To address this issue of “too much too soon” for patients on long-term specialty drug treatment, we have previously proposed the introduction of both monthly and annual out-of-pocket maximum limits to create more consistent and predictable monthly out-of-pocket costs throughout the year. In short, monthly limits could be set by dividing the annual out-of-pocket maximum by 12. Modeled after the payment options provided by energy companies to protect consumers against huge fluctuations in costs related to seasonal variability in consumption (such as high winter heating bills), this approach would distribute annual costs more evenly across the year and allow individuals to make steady monthly payments. Whereas the logistics of implementing this approach would take some working through, we have demonstrated that such adjustments could be financed via minor increases in Part D premiums (for example, approximately $2 per beneficiary per month).
A Moving Finish Line
Instituting overall protection in the form of an annual out-of-pocket maximum is the most important first step in addressing high out-of-pocket costs for specialty drugs under Medicare Part D. Without it, the impact of “The Good” changes will be diluted, especially by the continued trend toward higher drug prices and the fact that treatment advances are increasingly coming in the form of specialty drugs. Also, while some proposals have identified the catastrophic coverage threshold as the annual out-of-pocket limit amount, little attention has been drawn to the fact that this amount is continuing to increase. Over the past 10 years, the catastrophic coverage limit has risen $950, or 23 percent. This problem is scheduled to worsen over the next couple of years, with a major increase ($1,250) in the catastrophic coverage limit scheduled from 2019 to 2020. This underscores the importance of a more comprehensive approach to Part D reform.

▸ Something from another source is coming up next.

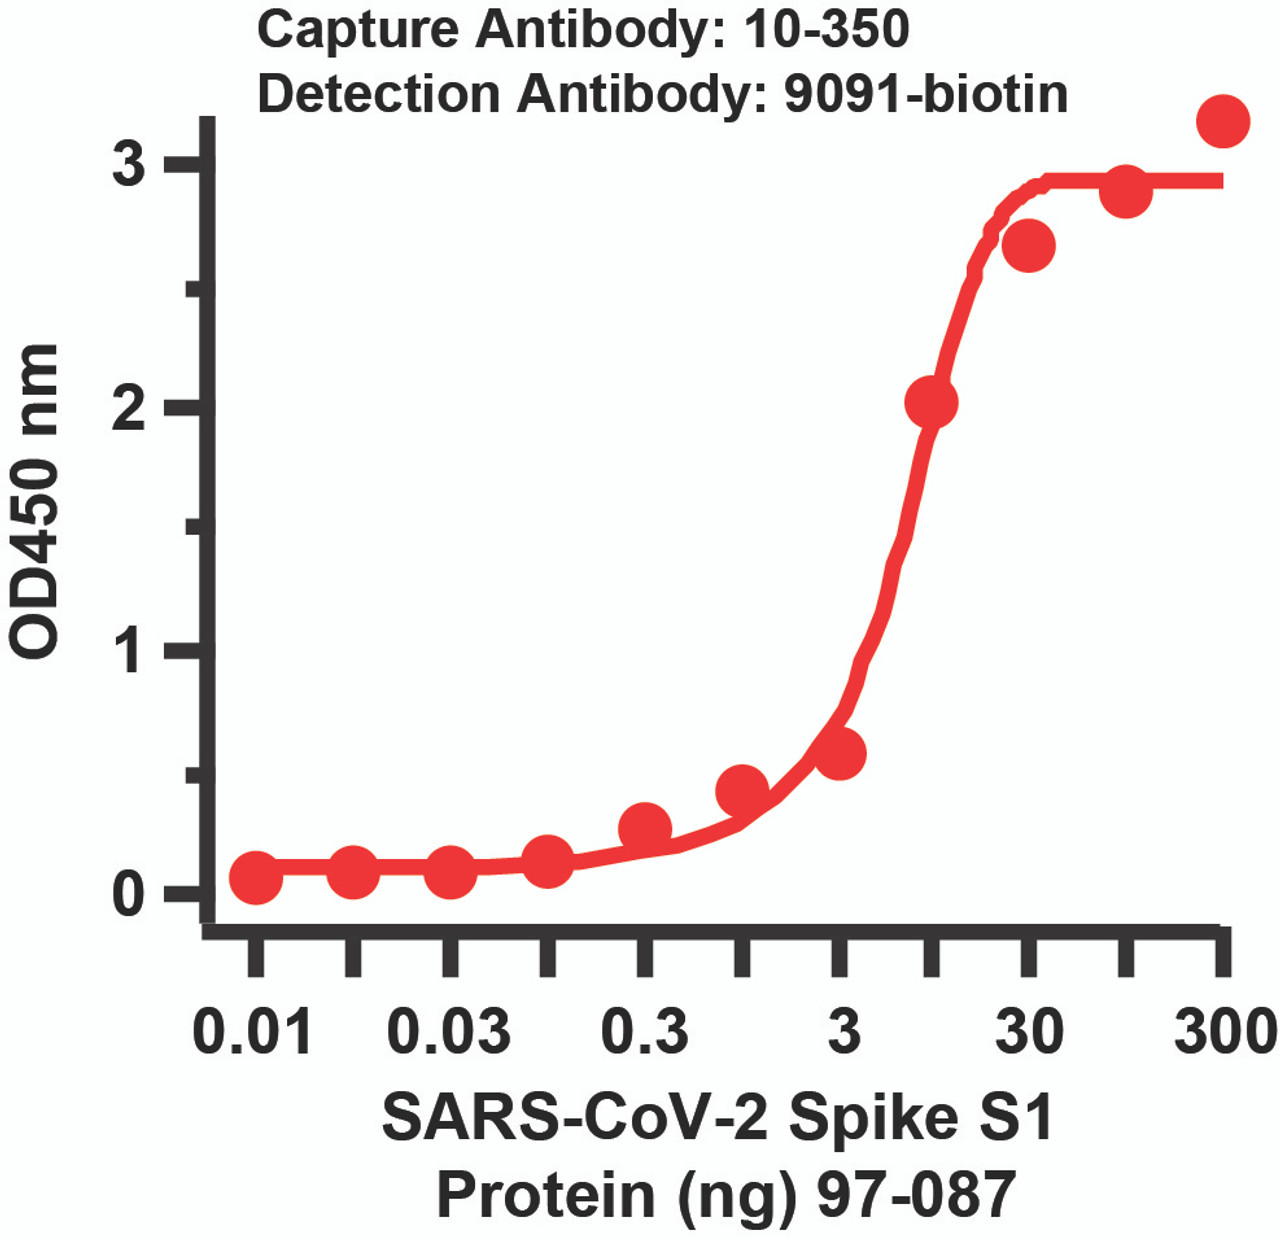 Sandwich ELISA for SARS-CoV-2 (COVID-19) Matched Pair Spike S1 Antibodies
Antibodies: SARS-CoV-2 (COVID-19) Spike Antibodies, 10-350 and 9091-biotin. A sandwich ELISA was performed using SARS-CoV-2 Spike S1 antibody (10-350, 2ug/ml) as capture antibody, the Spike S1 recombinant protein as the binding protein (97-087), and the anti-SARS-CoV-2 Spike S1 antibody (9091-biotin, 1ug/ml) as the detection antibody. Secondary: Streptavidin-HRP at 1:10000 dilution. Detection range is from 0.03 ng to 300 ng. EC50 = 7.37 ng

Solving the problem of high out-of-pocket cost burden will require a multipronged approach. Even sizeable decreases in very high specialty drug list prices are unlikely to lead to major improvements in access without instituting an annual out-of-pocket maximum and paying significant attention to the timing and magnitude of out-of-pocket costs under the current Part D structure. Options are available to redistribute and alleviate current out-of-pocket cost burden without substantially increasing overall costs.